Pictures should be left out while the data beneath this task is written out word for word.

→ **Stored data**:
■ ■ ■
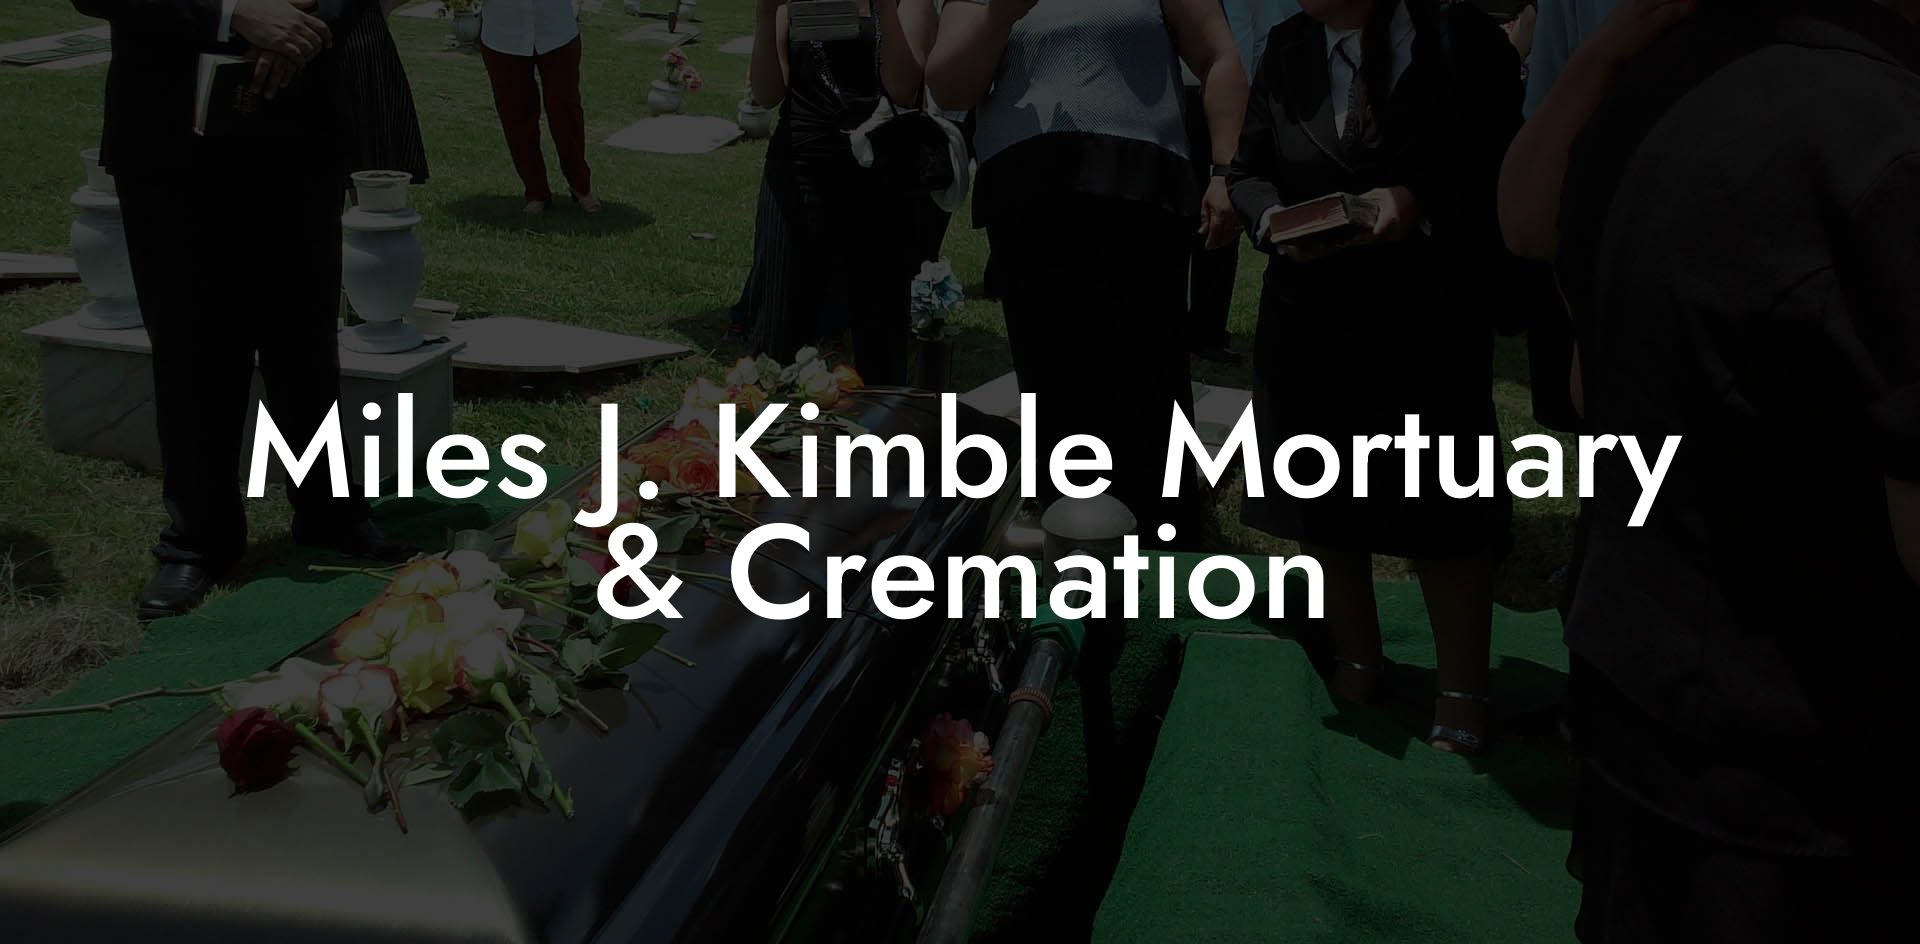 Miles J. Kimble Mortuary & Cremation
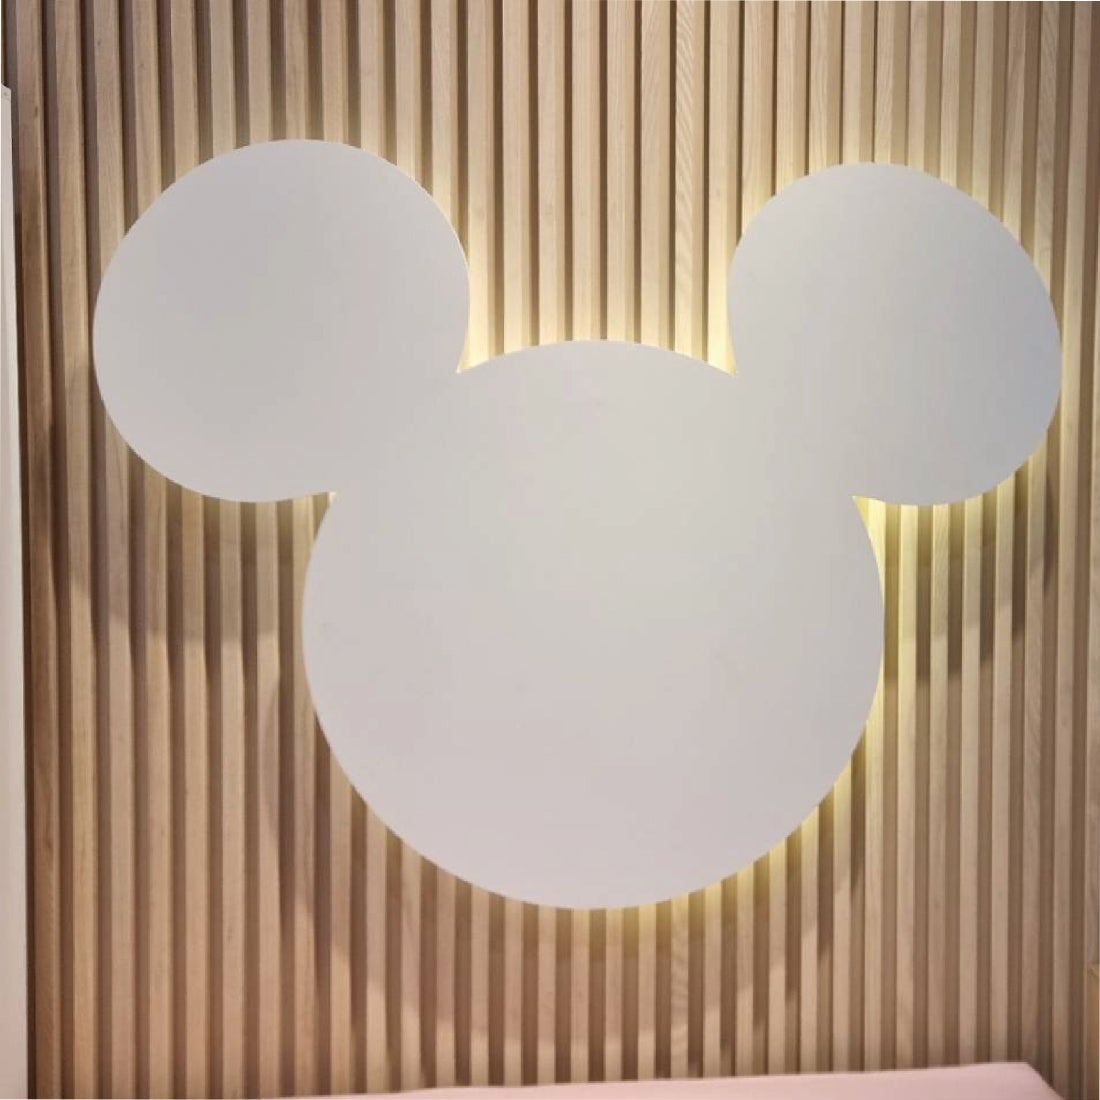 ผนังประดับแขวน Disneyhome รูปทรง Mickey Mouse สีขาว
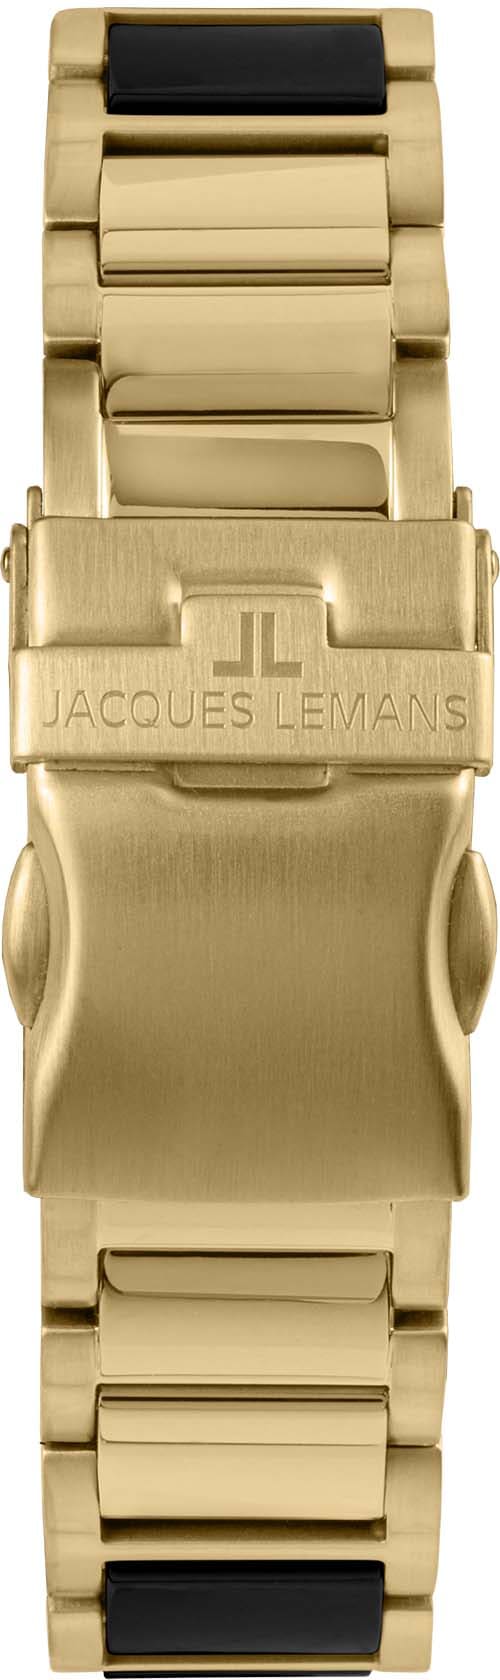 Jacques Lemans Keramikuhr »Liverpool 42-10G«
■ ■ ■
→ **Expected answer**:
 Miles J. Kimble Mortuary & Cremation
 ผนังประดับแขวน Disneyhome รูปทรง Mickey Mouse สีขาว
 Jacques Lemans Keramikuhr »Liverpool 42-10G«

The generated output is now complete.